APTOPIX Congo Floods
Relatives gather to identify bodies in the village of Nyamukubi, South Kivu province, Congo, Saturday, May 6, 2023.  Moses Sawasawa via AP

It was not possible to evaluate the full extent of the human losses and material damage, he told local media.

Heavy rainfall in the Kalehe region of South Kivu province on Thursday caused rivers to overflow, causing landslides that engulfed the villages of Bushushu and Nyamukubi.

The hillside also gave way at Nyamukubi, where the weekly market was held on Thursday, Bakenga added.

In all, several villages were submerged, many houses washed away and fields devastated when rivers in the region burst their banks due to the heavy rains.

Congolese doctor and Nobel Peace Prize winner Denis Mukwege, whose clinic is located in Bukavu, the capital of South Kivu, said Saturday he had sent a team of surgeons, anesthetists and technicians to the area to "provide the population with emergency medical aid."

Congo Floods
People walk next to a house destroyed by the floods in the village of Nyamukubi, South Kivu province, in Congo. Moses Sawasawa via AP

The disaster came two days after floods killed at least 131 people and destroyed thousands of homes in neighboring Rwanda.

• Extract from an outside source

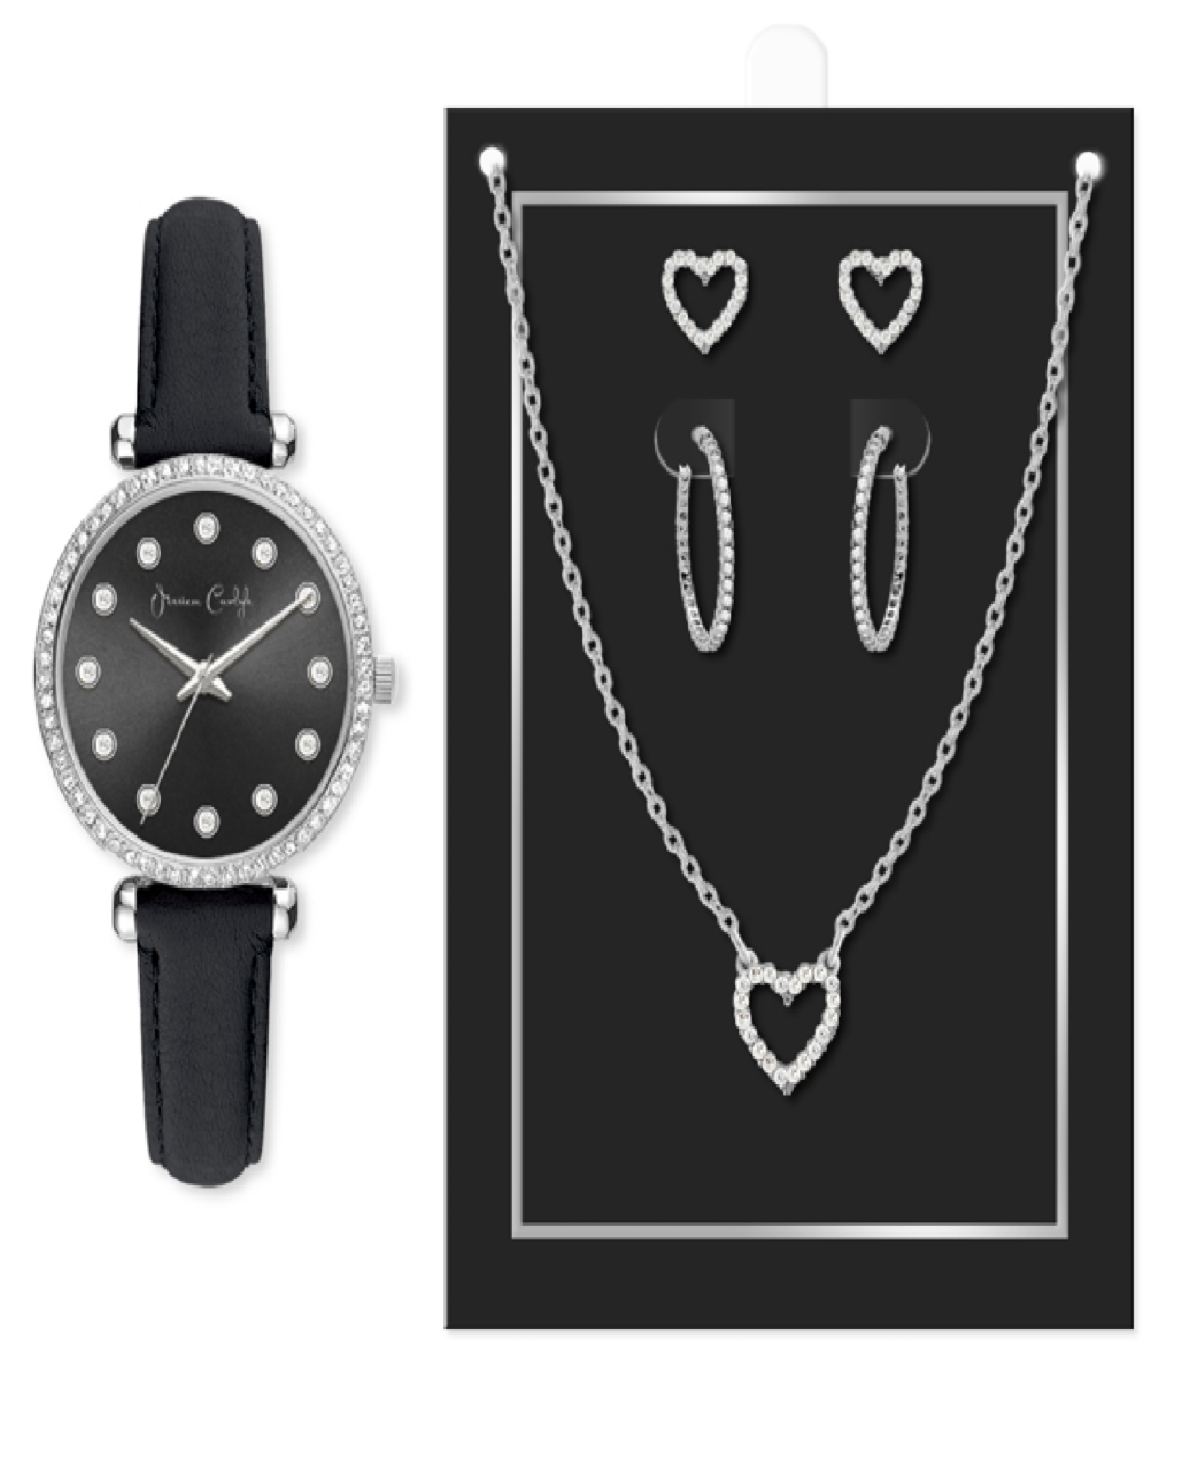 Women's Quartz Black Polyurethane Leather Watch 33mm and 2 Piece Set - Black, Gun Sunray
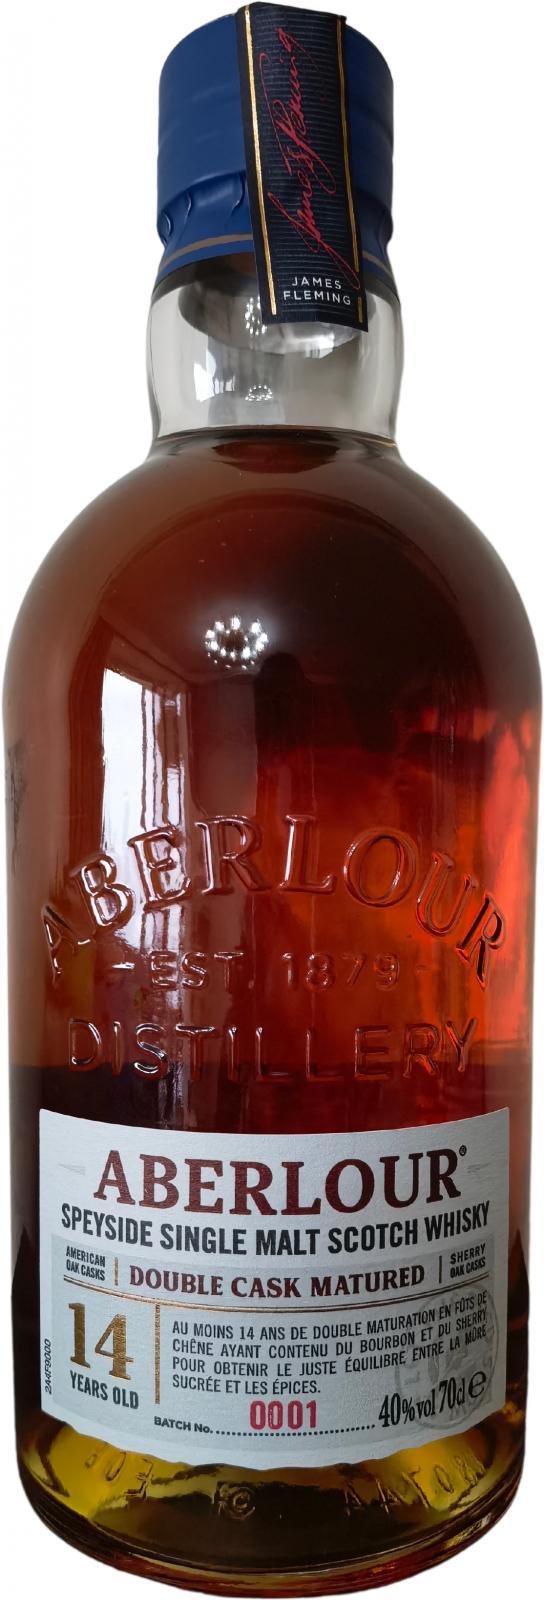 Acheter Aberlour 14 years 2000 Cadenhead's One of 672 - bottled

UN Secretary-General Antonio Guterres on Saturday offered his condolences to the victims of the "catastrophic floods" in Rwanda and DR Congo.

"This is yet another illustration of accelerating climate change and its disastrous impact on countries that have done nothing to contribute to global warming," he said during a visit to Burundi.

Experts say extreme weather events are happening with increased frequency and intensity due to climate change.